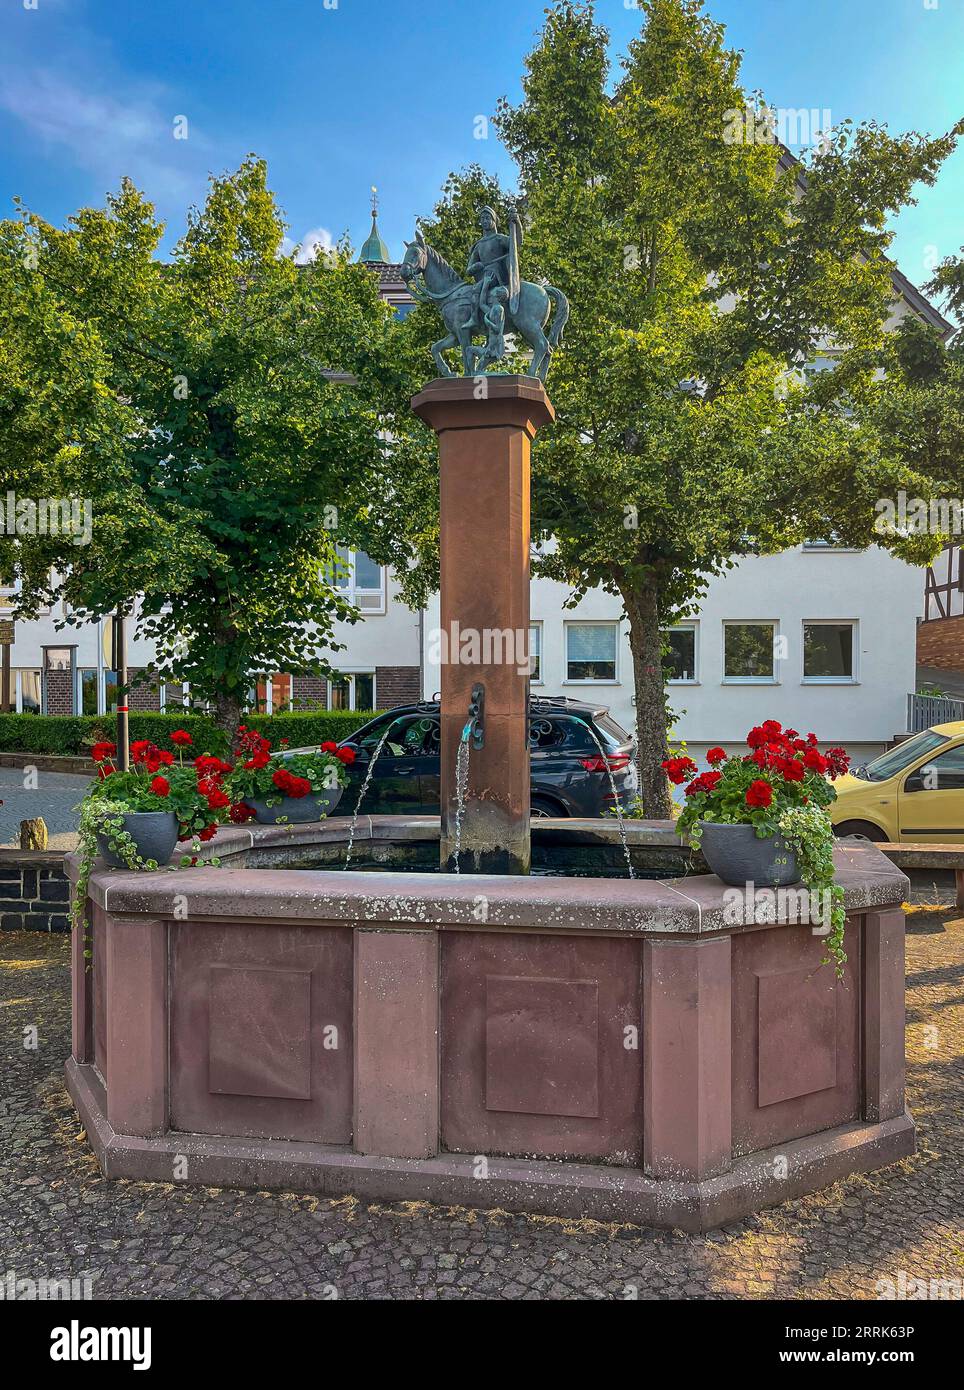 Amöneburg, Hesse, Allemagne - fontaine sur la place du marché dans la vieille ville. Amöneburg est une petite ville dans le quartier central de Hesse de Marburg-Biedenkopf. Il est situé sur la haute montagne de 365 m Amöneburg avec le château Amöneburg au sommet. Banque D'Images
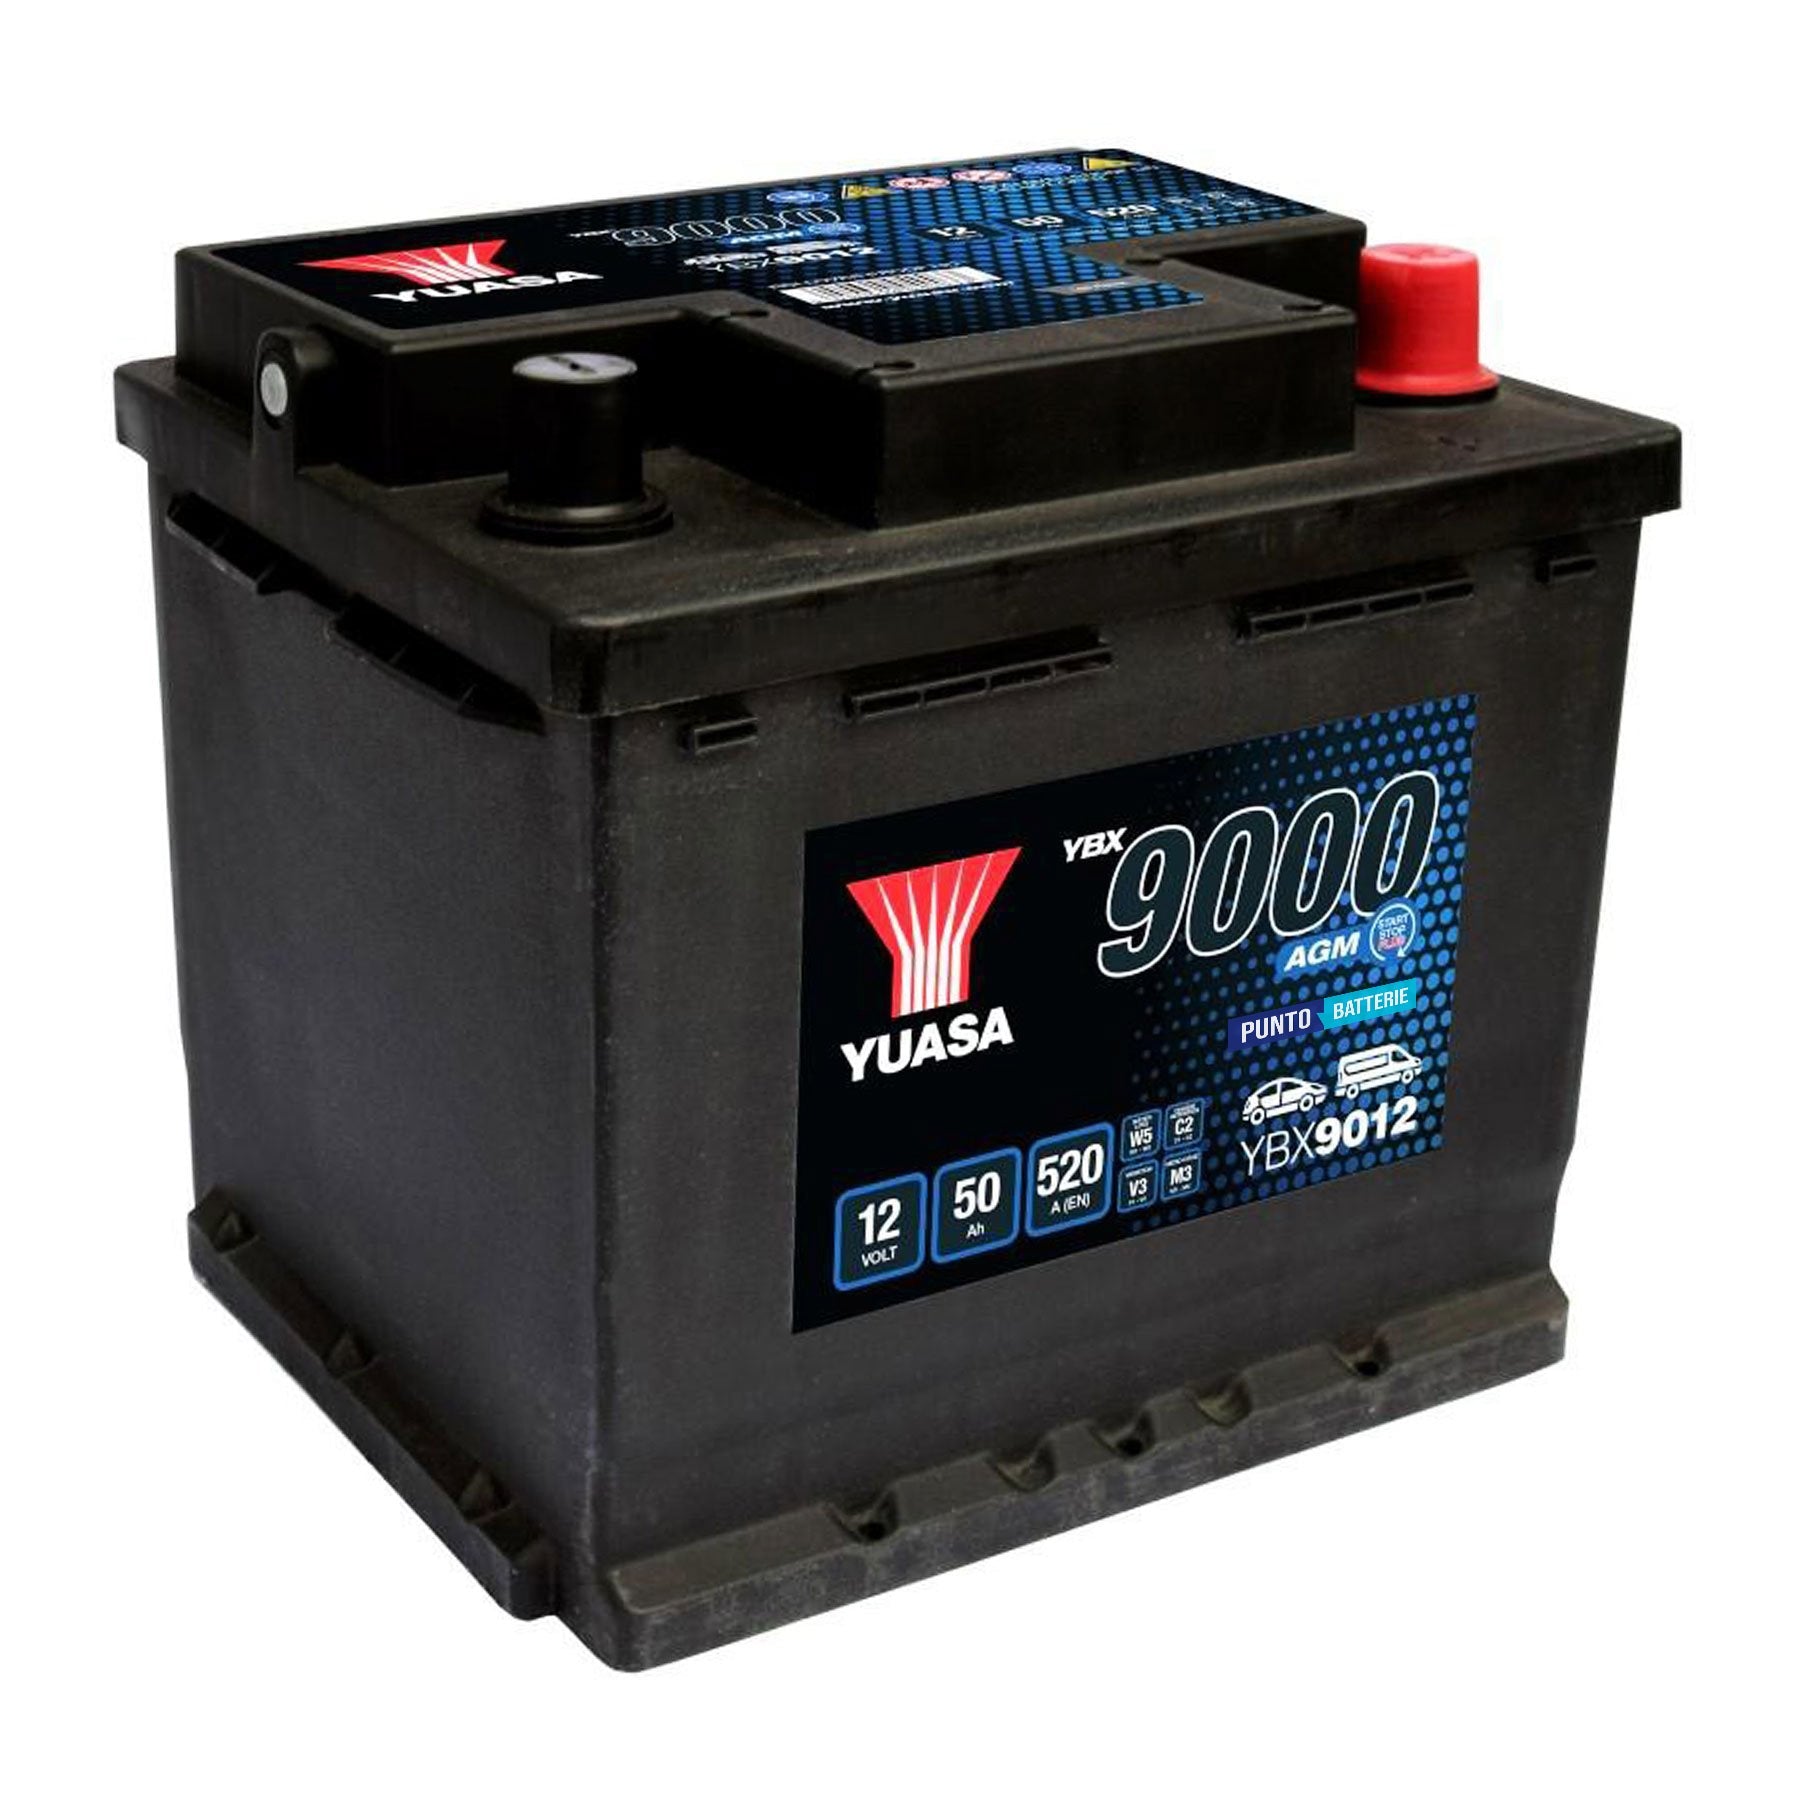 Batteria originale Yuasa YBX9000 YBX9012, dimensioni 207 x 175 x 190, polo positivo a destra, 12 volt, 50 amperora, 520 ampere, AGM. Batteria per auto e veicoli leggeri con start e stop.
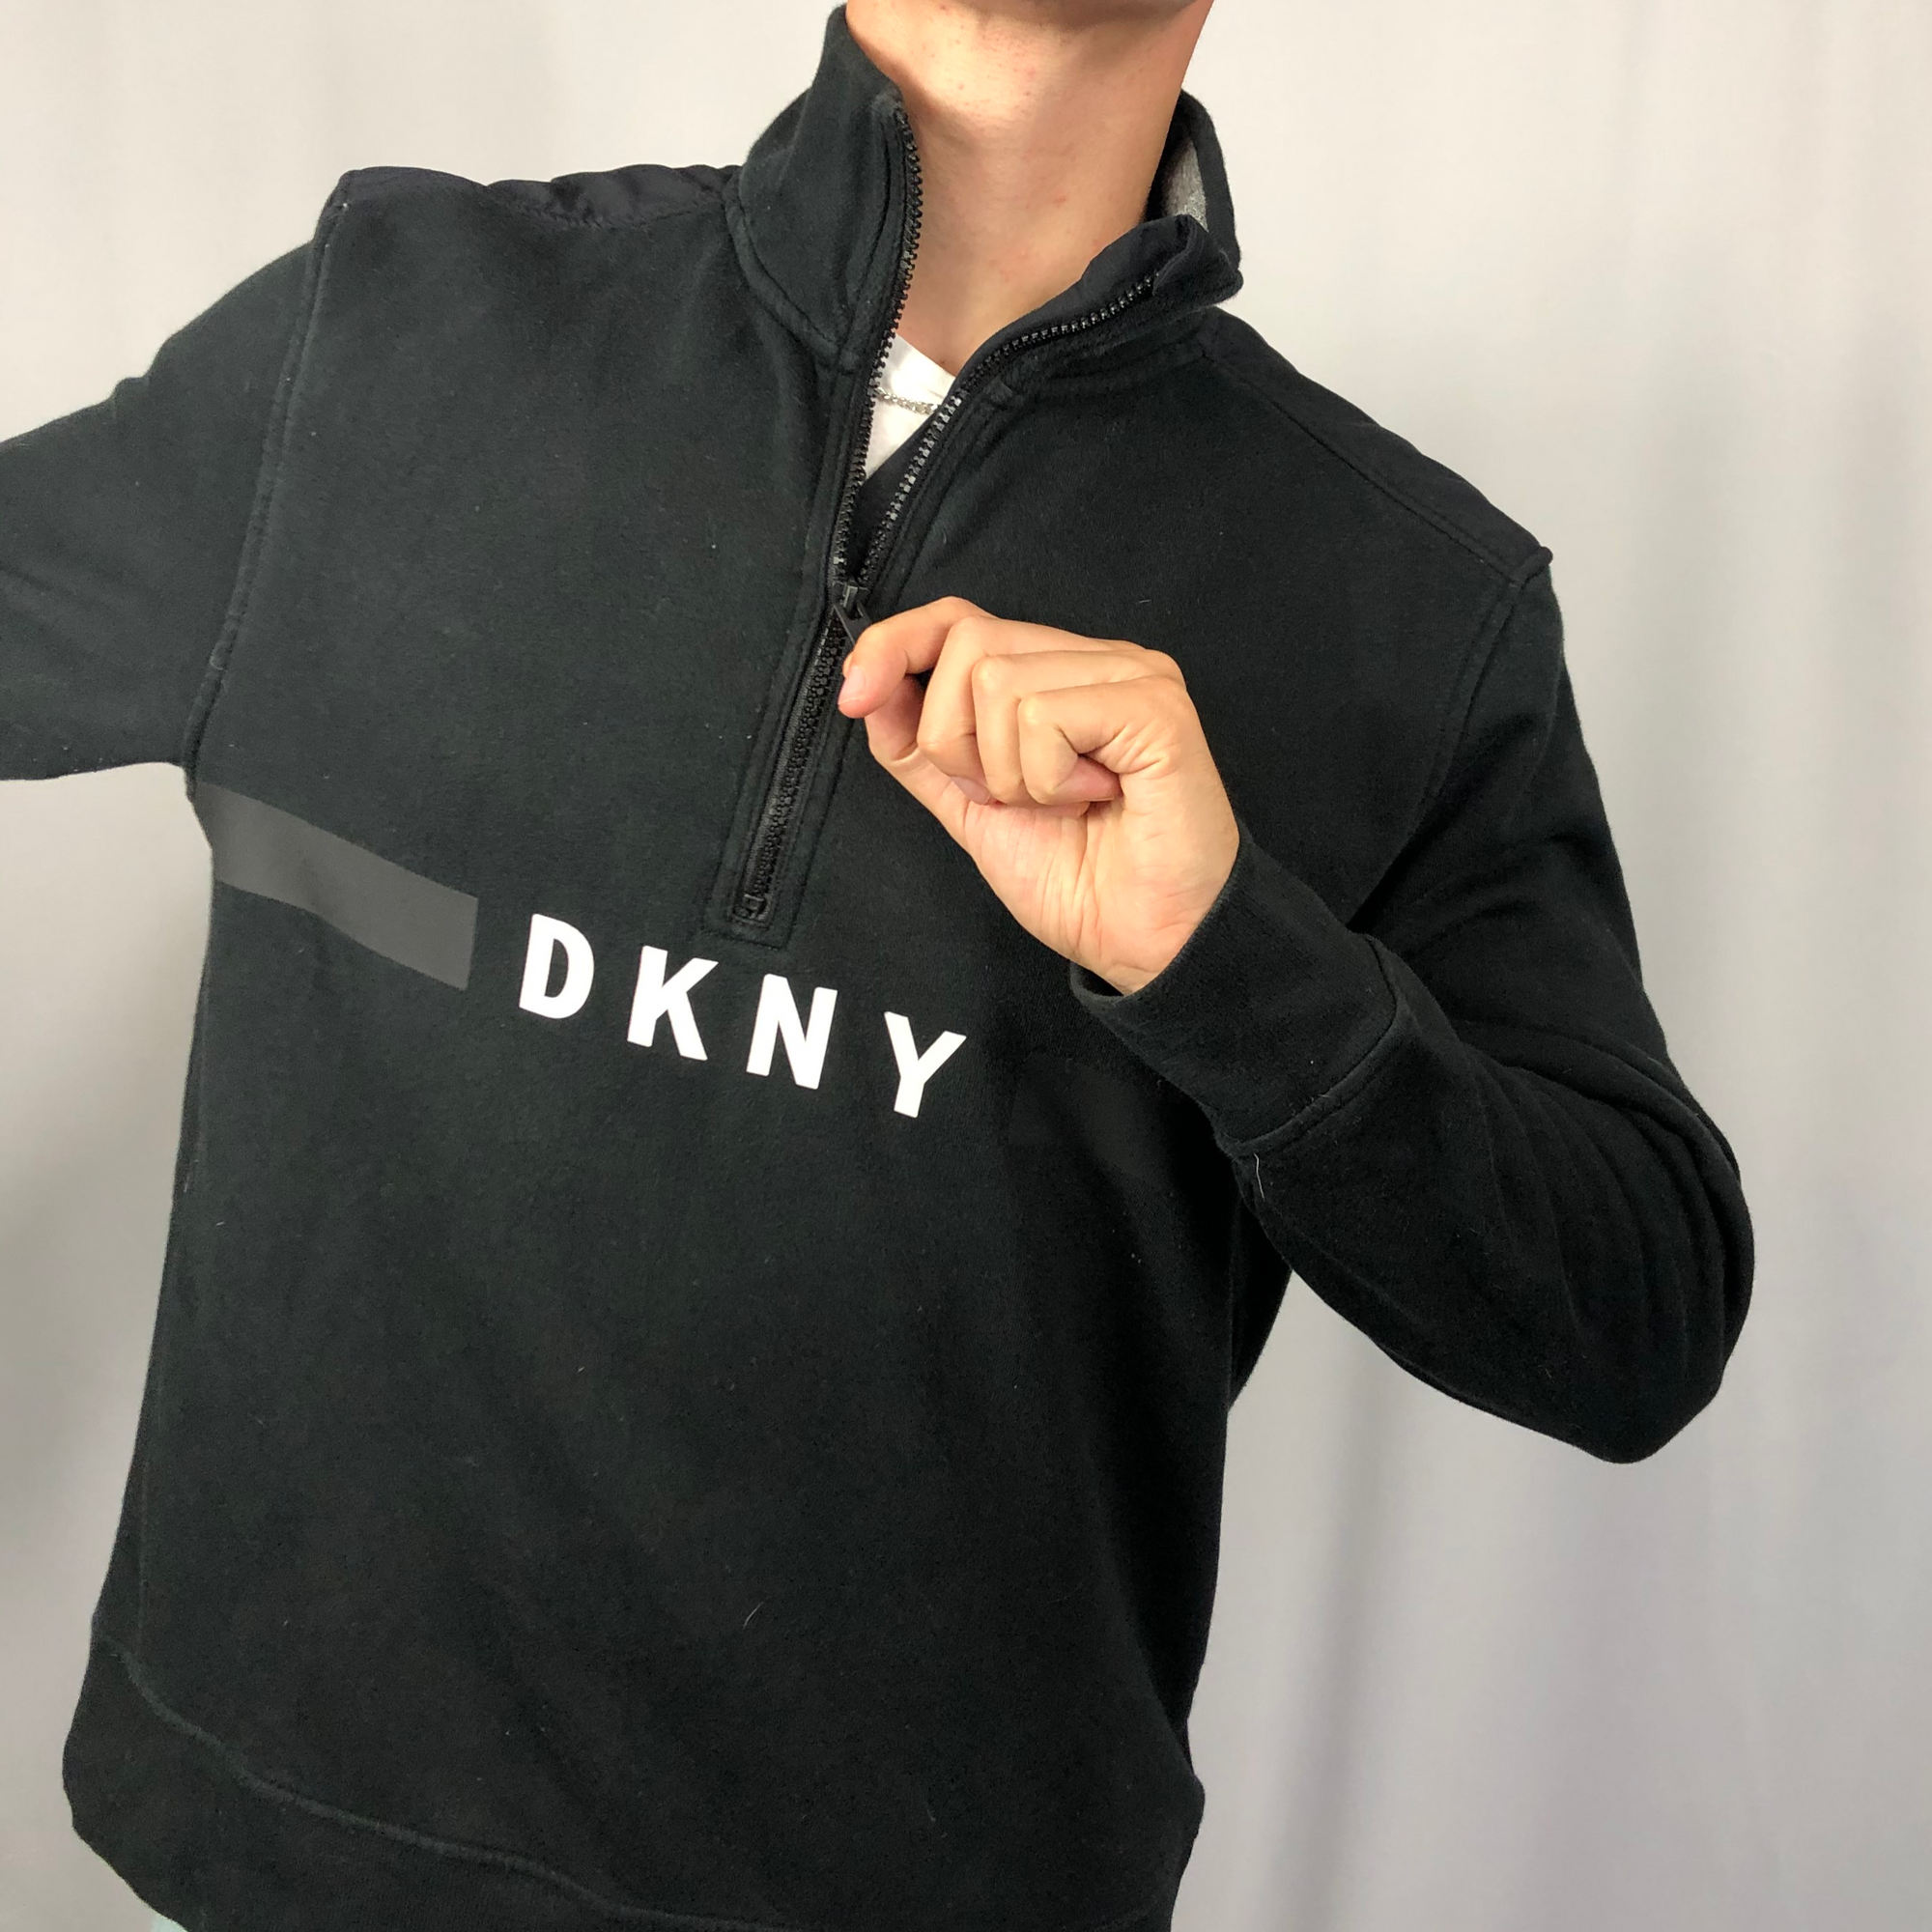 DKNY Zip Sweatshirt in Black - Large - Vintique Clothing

• [ASSIGNMENT]: Make an exact copy of the data, leaving its pictures out.

• [THE COMPLETED TASK]:
 Amöneburg, Hesse, Allemagne - fontaine sur la place du marché dans la vieille ville. Amöneburg est une petite ville dans le quartier central de Hesse de Marburg-Biedenkopf. Il est situé sur la haute montagne de 365 m Amöneburg avec le château Amöneburg au sommet. Banque D'Images
 Batteria originale Yuasa YBX9000 YBX9012, dimensioni 207 x 175 x 190, polo positivo a destra, 12 volt, 50 amperora, 520 ampere, AGM. Batteria per auto e veicoli leggeri con start e stop.
 DKNY Zip Sweatshirt in Black - Large - Vintique Clothing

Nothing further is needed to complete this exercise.